Grenier predicted the relationship would continue even if the Muslim Brotherhood controlled the next government. If anything, the Brotherhood "understands the extremists better than anyone else. They know that, in revolutionary situations, the moderates are the first to go," said the former CIA official, now chairman of ERG Partners, a consulting firm.
Michele Dunne, another former State Department Middle East expert, agreed that the new Egyptian government will be much more sensitive to public opinion than Mubarak's regime.
"But the U.S. has good counterterrorism cooperation with governments of countries like Turkey," a democratic Muslim nation, said Dunne, now at the Carnegie Endowment for International Peace. "The idea we can't do business with countries responsive to their citizens is a false one."
Indeed, she said, if the future Egyptian government is less repressive, "maybe Egypt won't be producing terrorists" like Ayman al-Zawahiri, an Egyptian who is the No. 2 figure in al-Qaeda.
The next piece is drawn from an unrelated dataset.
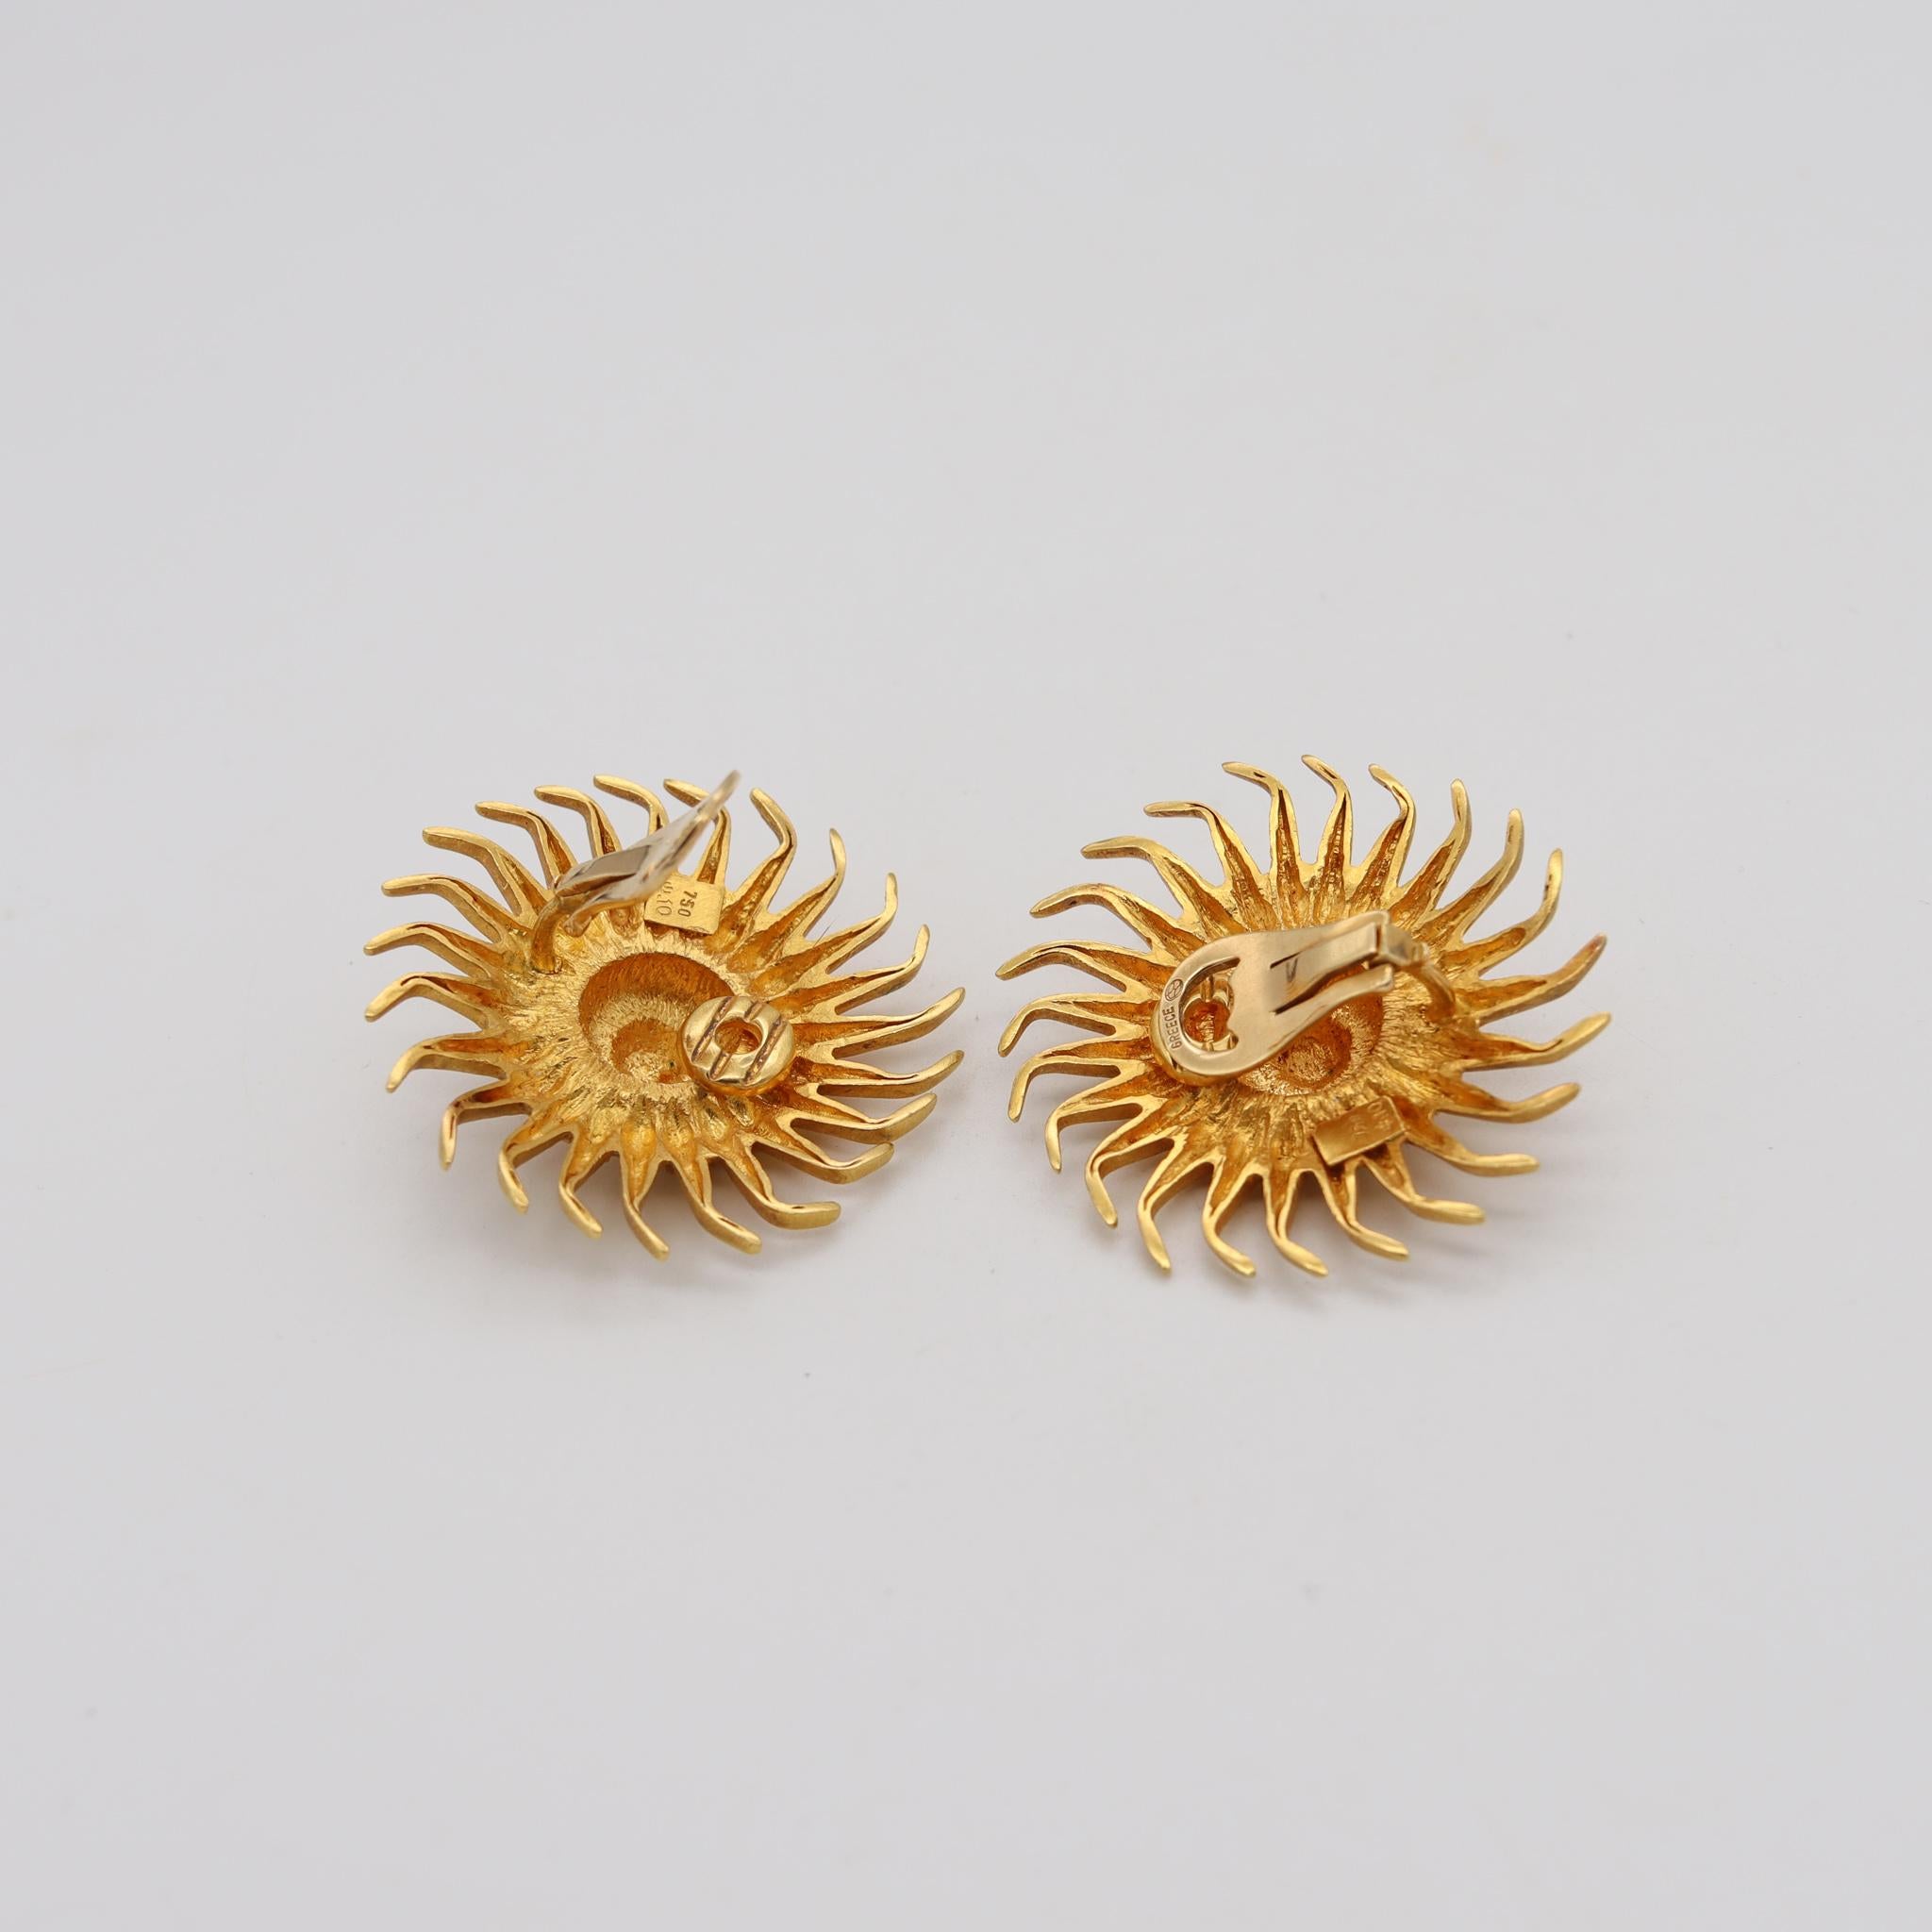 A pair of spiky Earrings designed by Ilias Lalaounis.

Beautiful large geometric pieces, created in Greece by the jewelry house of Lalaounis, back in the 1970's. These gorgeous spiky sun-burst clip earrings has been carefully crafted in solid yellow

Many counterterrorism officials and Middle East experts are skeptical that al-Qaeda will benefit from Egypt's political upheaval, at least in the short run. Al-Qaeda and the Muslim Brotherhood have been foes for decades, and polls show that Egyptians overwhelmingly reject the group's brutal methods and rigid ideology.
Al-Qaeda opposes the kind of democracy that millions of Egyptians called for in the 18 days of mass demonstrations that led to Mubarak's toppling.
"The developments in Egypt are actually devastating to al-Qaeda," said J. Scott Carpenter, a Middle East expert with the Washington Institute for Near East Policy.